Acta Chim. Slov. 2000, 47, 179-185.
179
Co(II), Ni(II) and Cu(II) COMPLEXES OF BIDENTATE SCHIFF BASES
Cezar Spinu*, Angela Kriza**
*University of Craiova, Faculty of Chemistry, Department of Inorganic Chemistry ** University of Bucharest, Faculty of Chemistry, Department of Inorganic Chemistry
Received 2.2.2000
Abstract
Cobalt (II), nickel (II) and copper (II) complexes of type ML2Cl2, where M is CoII, NiII and CuII, and L is Schiff base formed by condensation of 2-thiophenecarboxaldehyde and propylamine, N-[2-thienylmethylidene]-1-propanamine (TNAP), or ethylamine, N-[2-thienylmethylidene]ethanamine (TNAE), have been prepared and characterised by elemental analysis, magnetic and spectroscopic measurements. Elemental analysis suggests the stoichiometry to be 1:2 (metal:ligand). Magnetic susceptibility data coupled with electronic and ESR spectra suggest a distorted octahedral structure for the Cu(II) and Ni(TNAE)2Cl2 complexes, a tetrahedral geometry for Ni(TNAP)2Cl2 and a D4h symmetry for the Co(II) complexes. Infrared and NMR spectra of the complexes agree with the coordination to the central metal atom through nitrogen and sulfur atoms. Conductance measurements suggest the non-electrolytic nature of the complexes and the 1:2 electrolytic nature of the Ni(TNAP)2Cl2.

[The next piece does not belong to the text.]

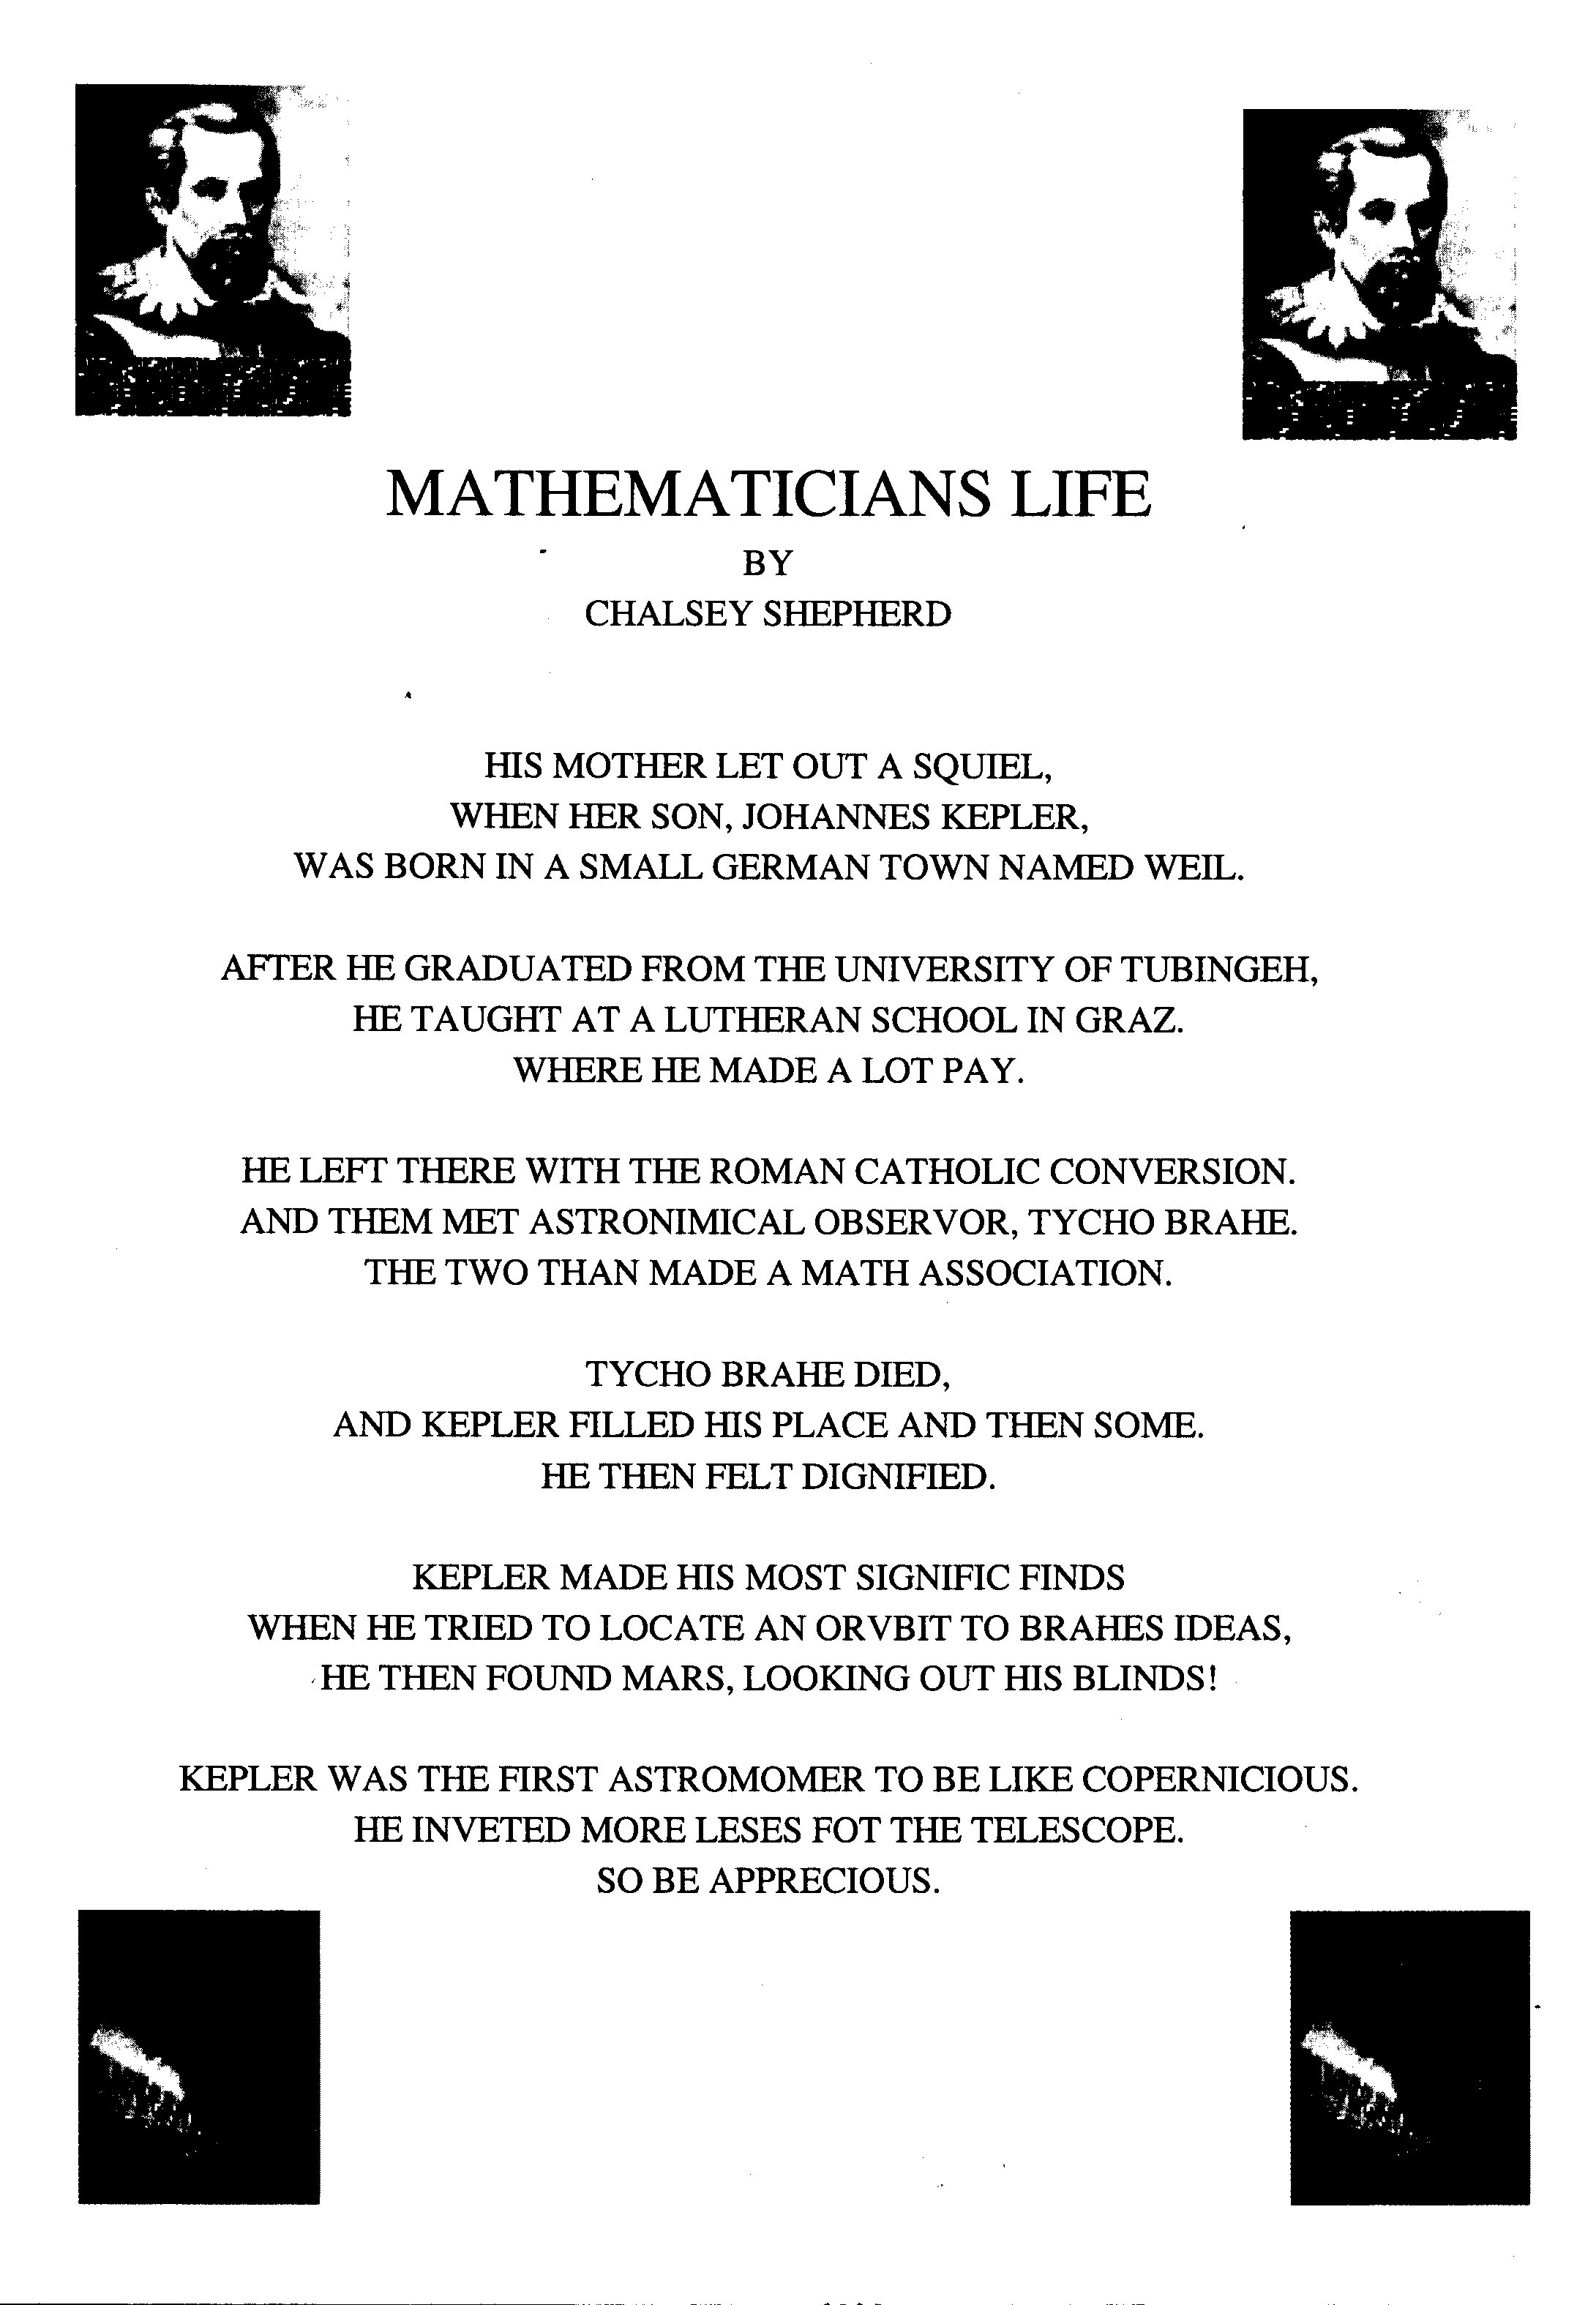 Mathematicians Life poem

Keywords: Schiff base, N-[2-thienylmethylidene]ethanamine, N-[2-thienylmethylidene]-1-propan-amine
Introduction
Metal complexes of Schiff base are studied extensively due to synthetic flexibility of these compounds and their selectivity as well as sensitivity towards the central metal atom. Complexes with Schiff bases derived from 2-thiophenecarboxaldehyde were prepared and used for extracting some metal ions. In most complexes presented in previous works1-3, the ligand co-ordination to the metal ions achieves both nitrogen and sulphur atoms. In the present study, a series of new Schiff bases have been synthesised using 2-thiophenecarboxaldehyde (2-TFCA) and propylamine (PA) or ethylamine (EA). These bidentate ligands form 1:2 complexes with Co(II), Ni(II) and Cu(II) ions.
Results and discussion
The complex combinations of Co(II), Ni(II) and Cu(II) with N-[2-thienylmethylidene]-1-propanamine (TNAP) and N-[2-thienylmethylidene]ethanamine (TNAE) (fig. 1) appears as powders with high melting points. They are not soluble in ethanol, ethyl ether and chloroform but soluble in acetone and more soluble in DMF.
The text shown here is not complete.